**YOUR ASSIGNMENT**
Strip the pictures and reproduce the rest of the listing exactly.

**DATA BLOCK**
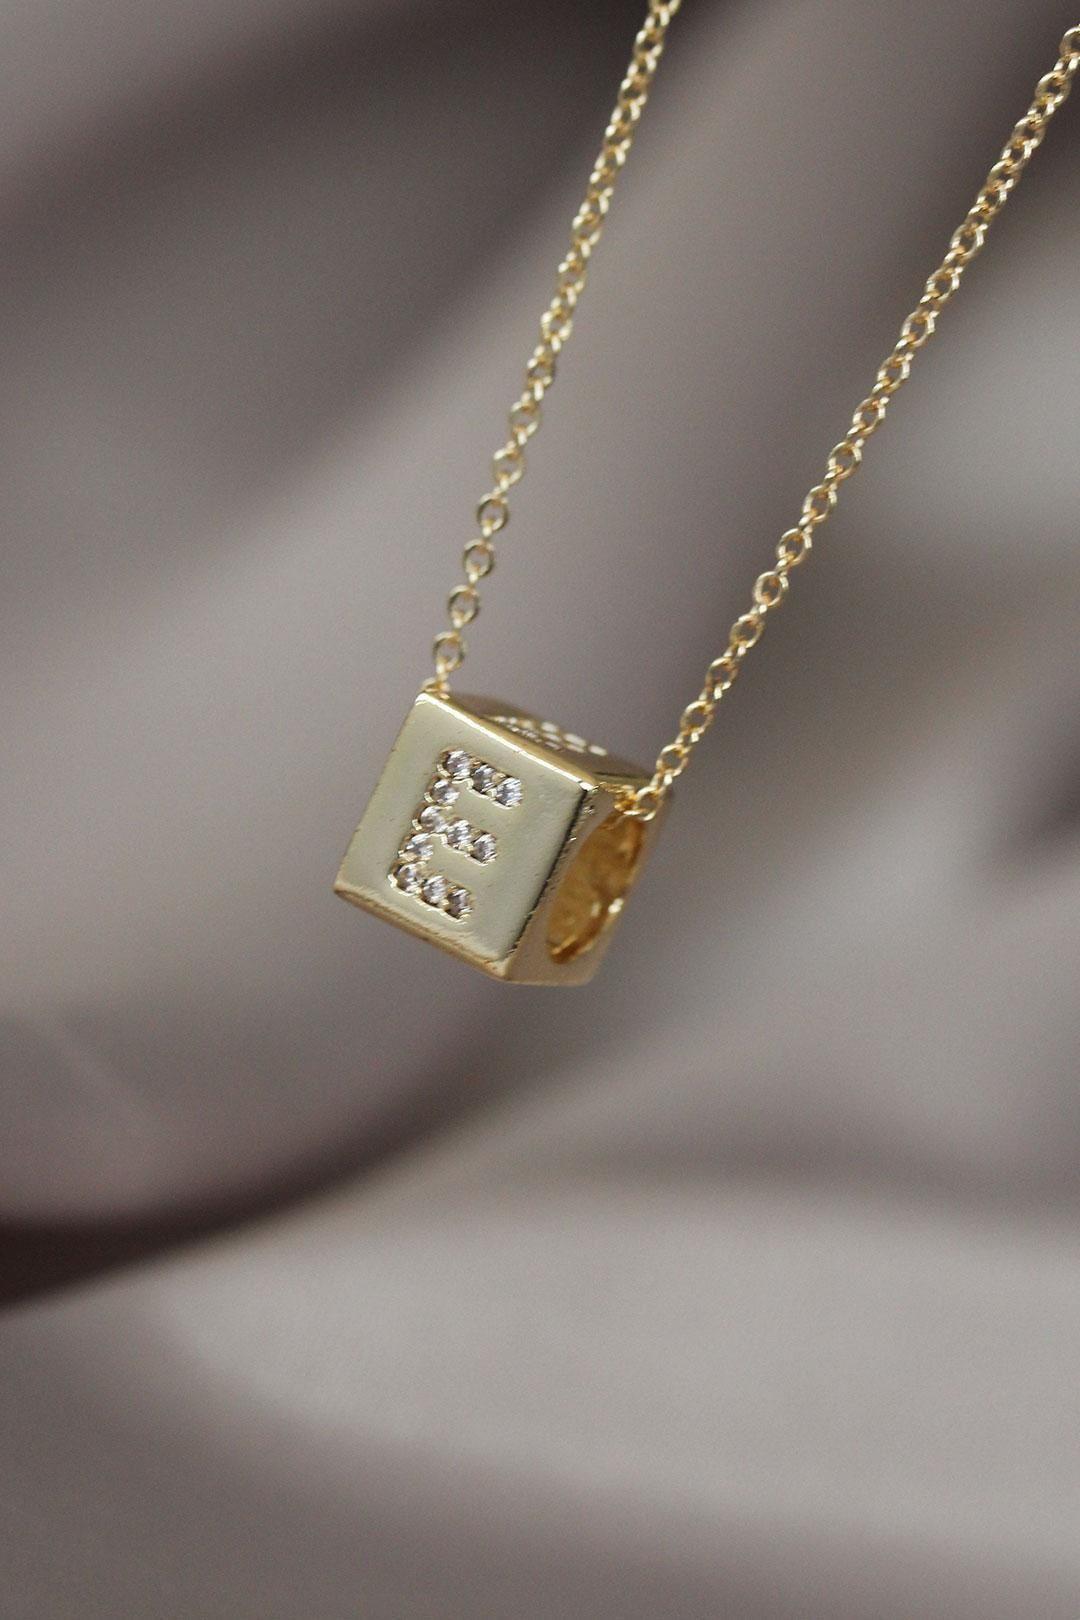 Gold Renk Zirkon Taşlı Küp Model E Harfli Kolye
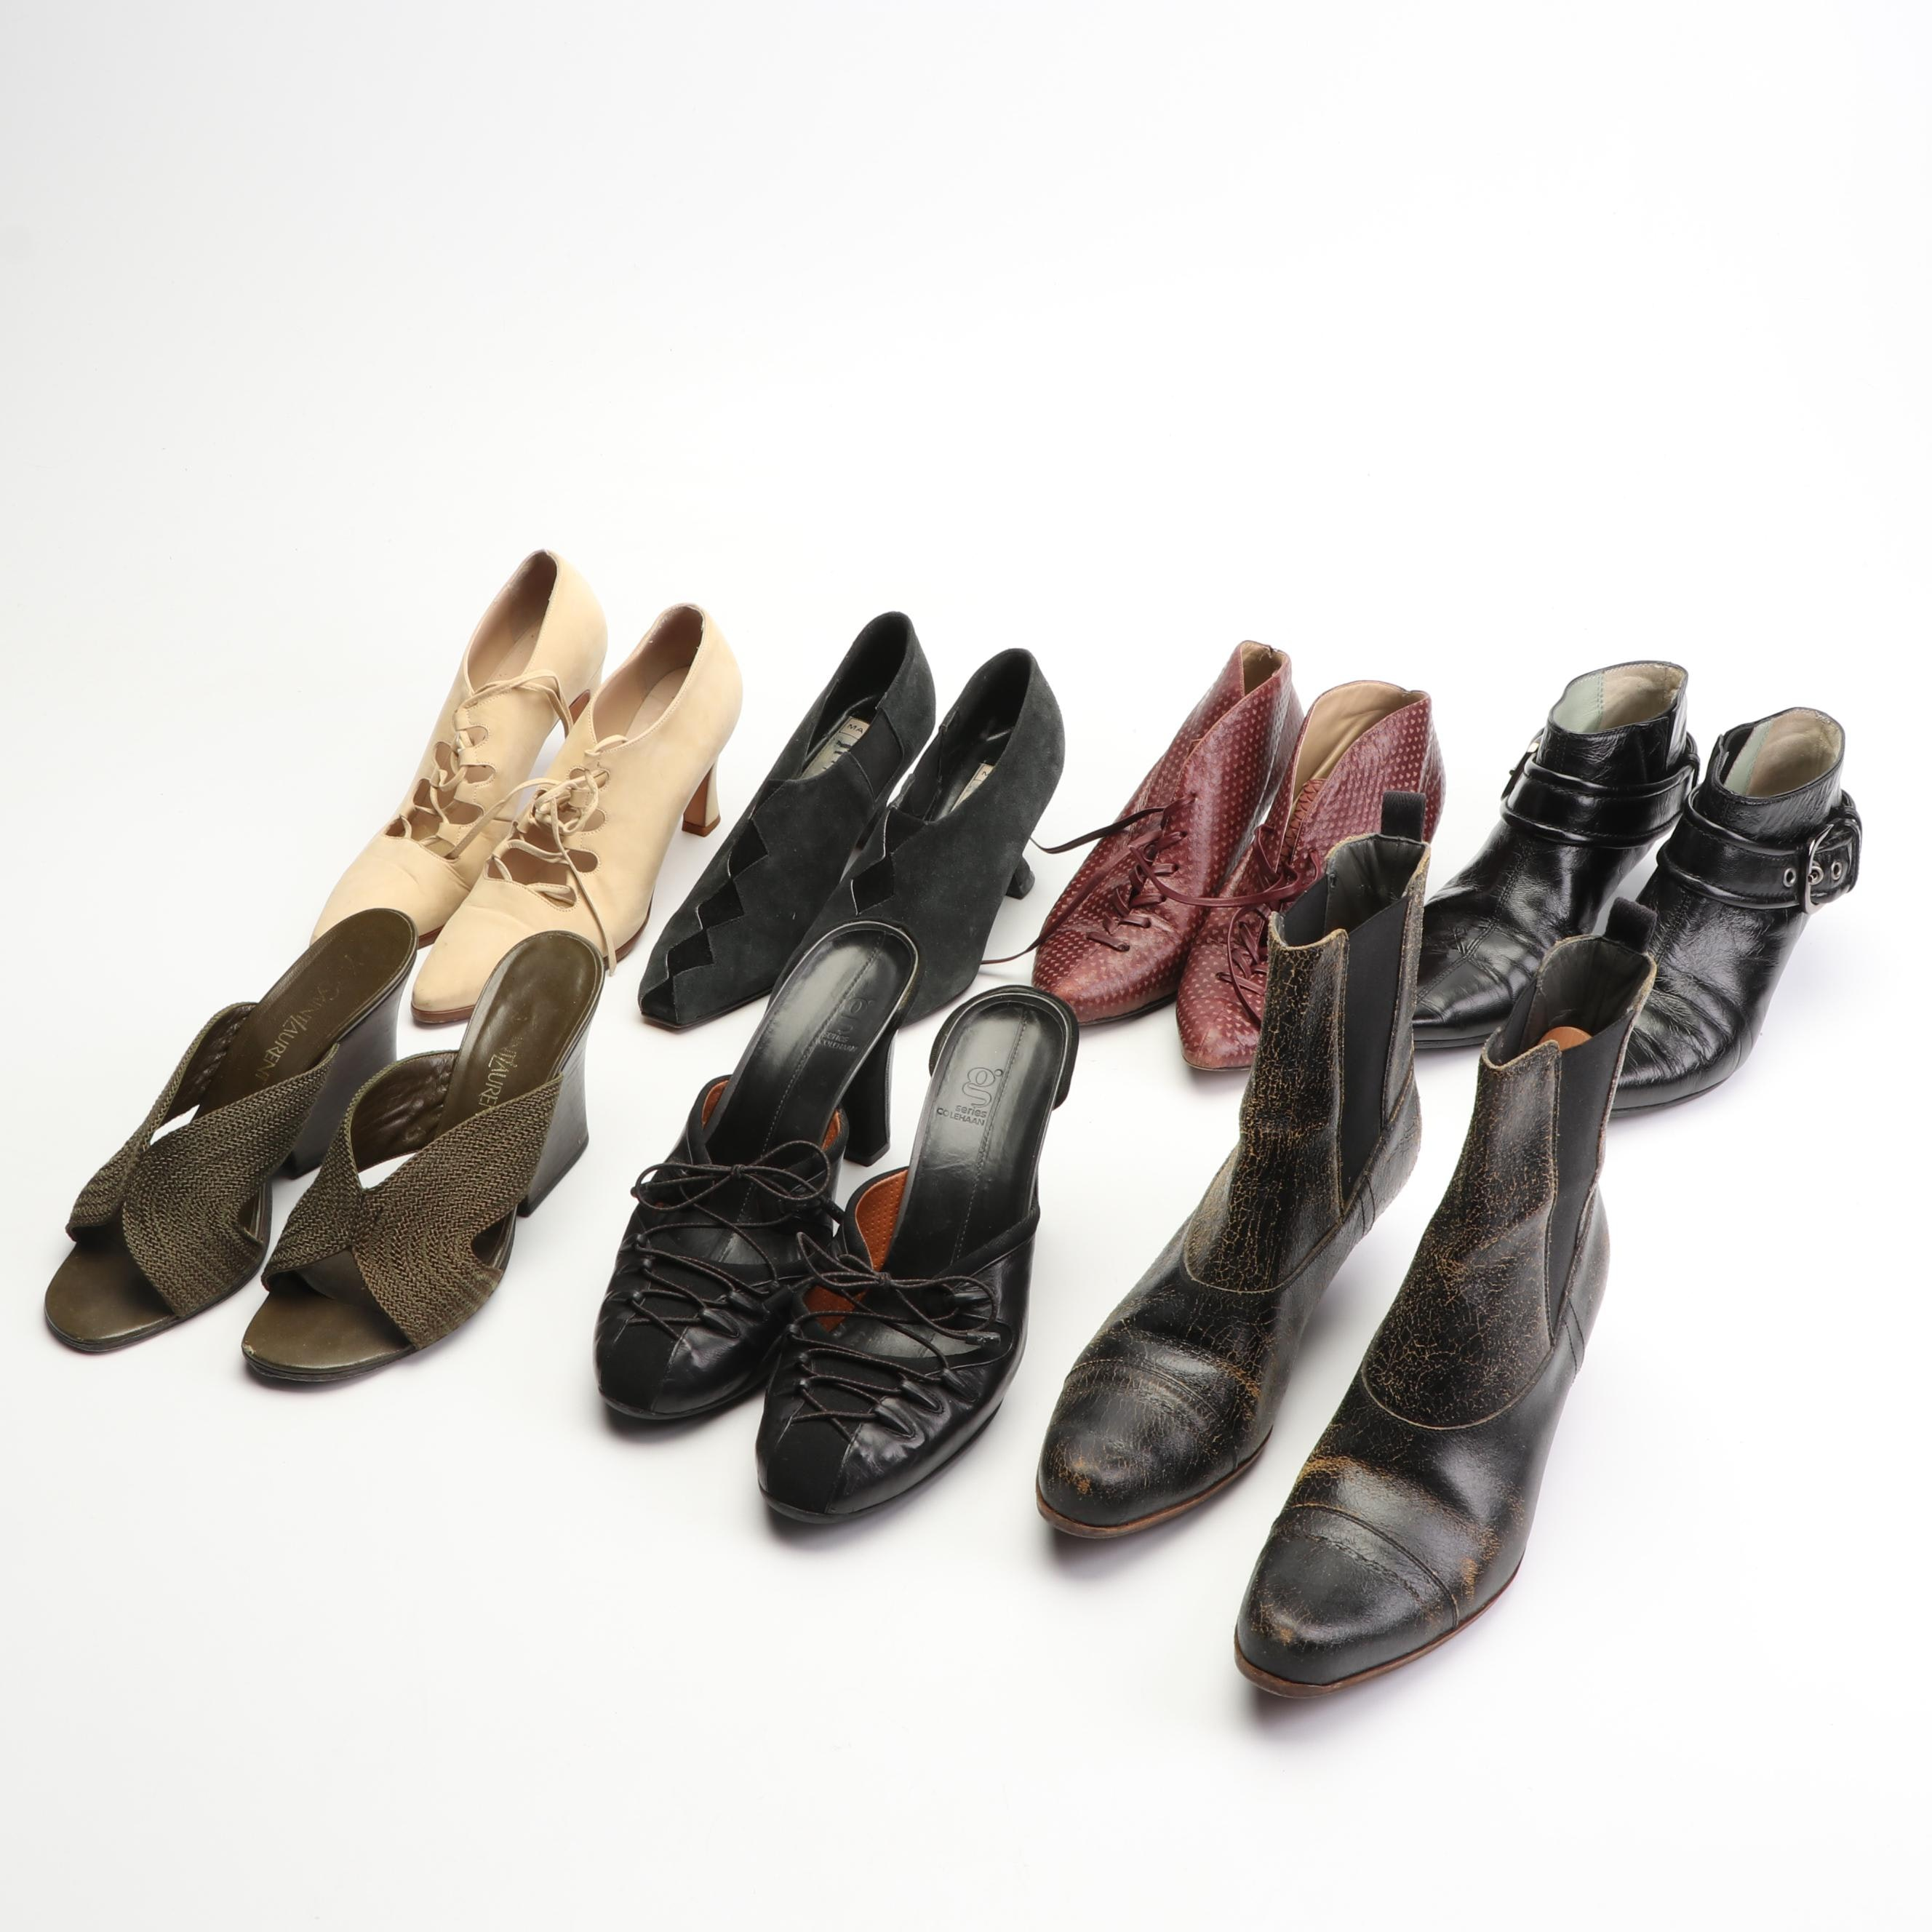 Women's Contemporary Heels Featuring Yves Saint Laurent and Miu Miu
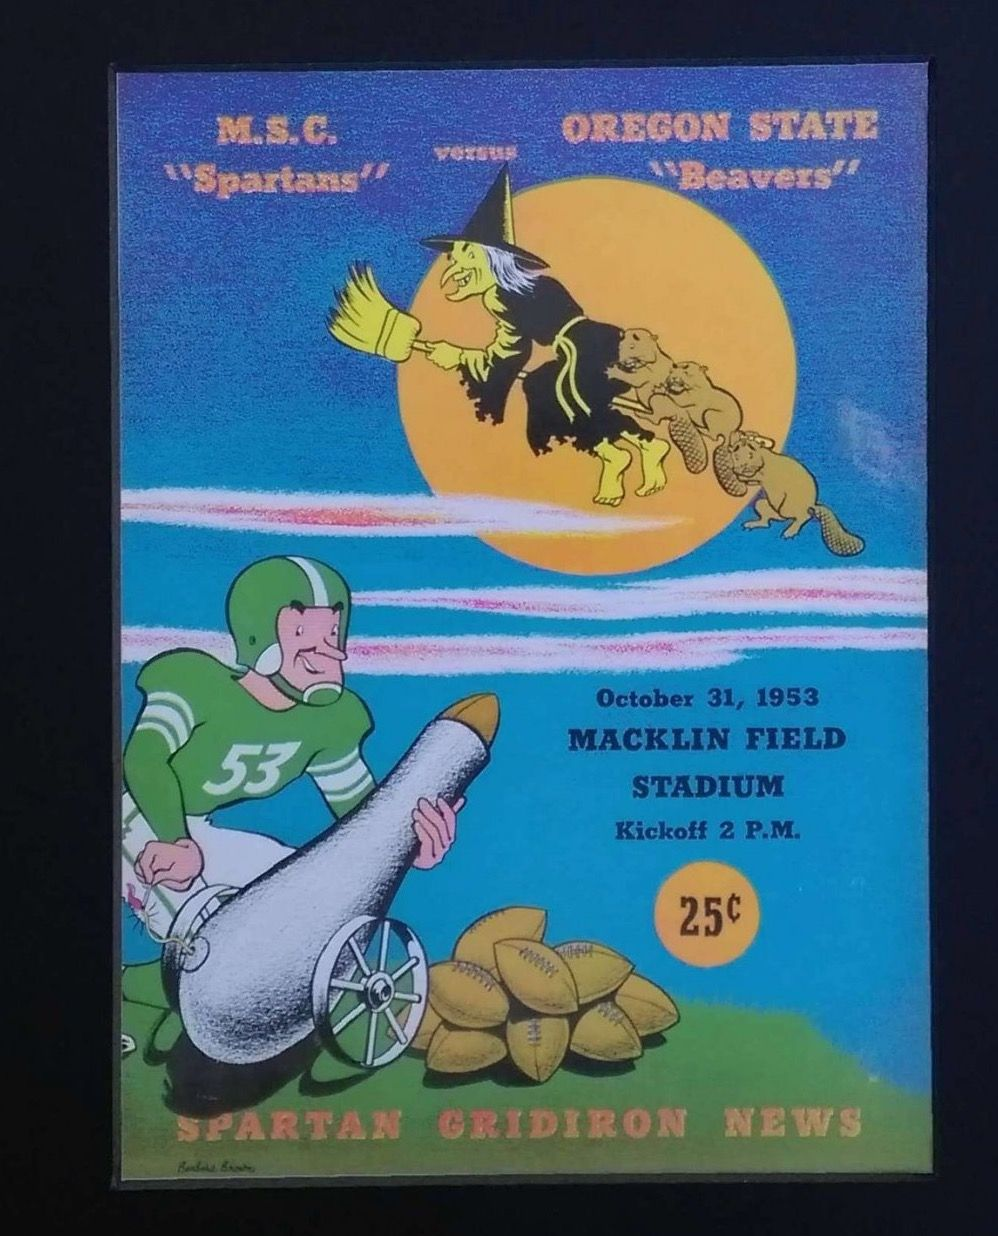 Oregon state beavers vs michigan state football program
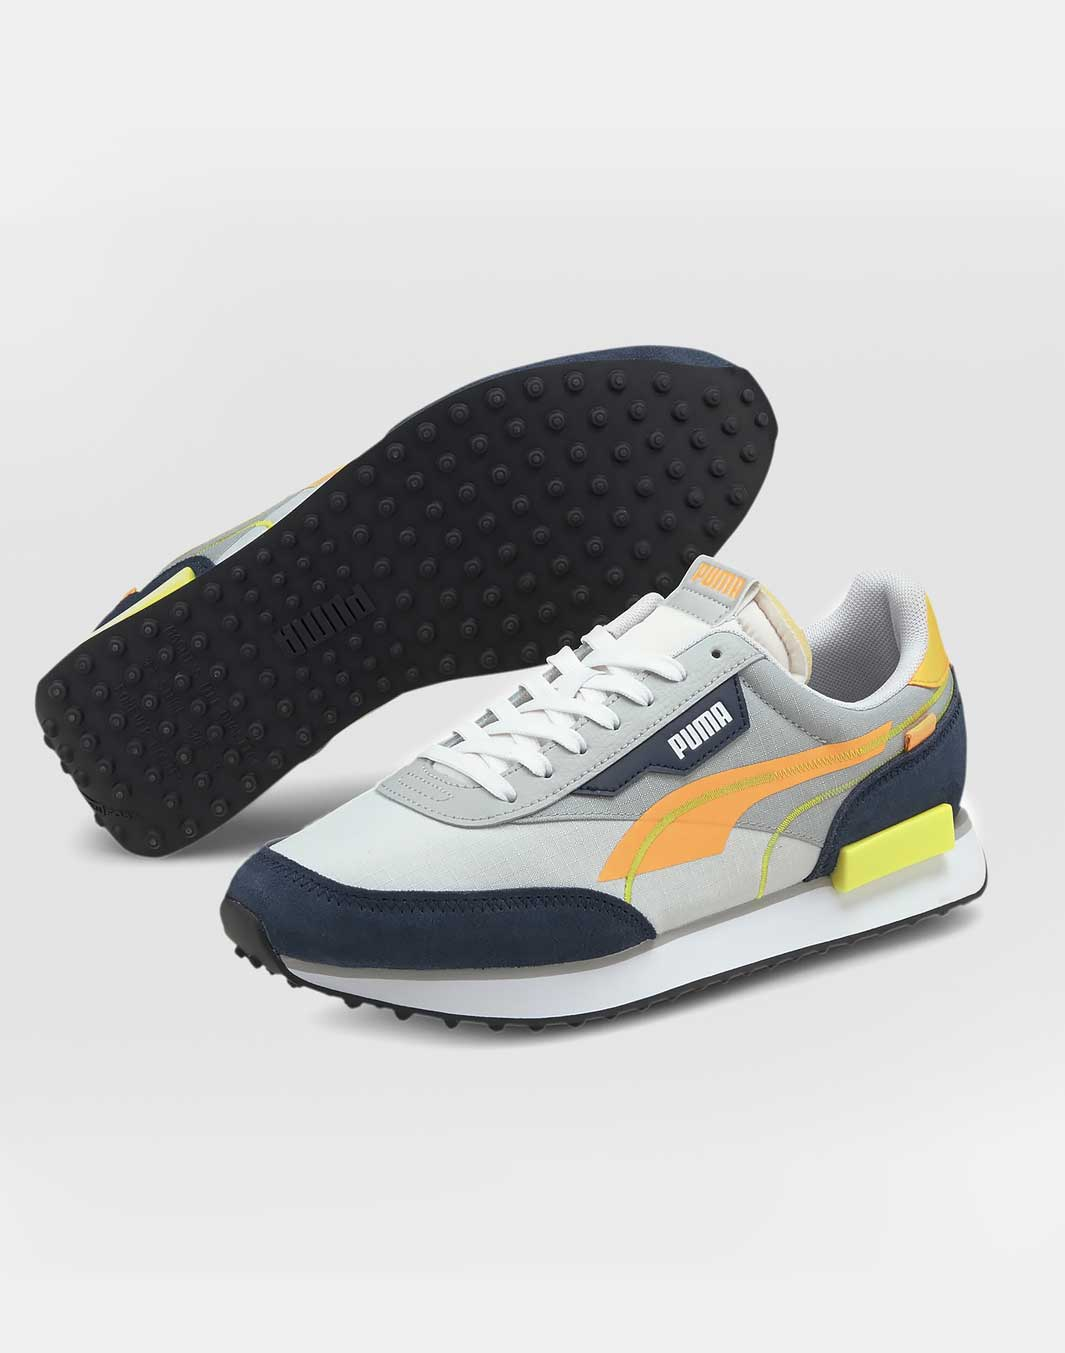 Shop Shoes at DrJays.com

**SOLVED EXERCISE**
 Gold Renk Zirkon Taşlı Küp Model E Harfli Kolye
 Women's Contemporary Heels Featuring Yves Saint Laurent and Miu Miu
 Oregon state beavers vs michigan state football program
 Shop Shoes at DrJays.com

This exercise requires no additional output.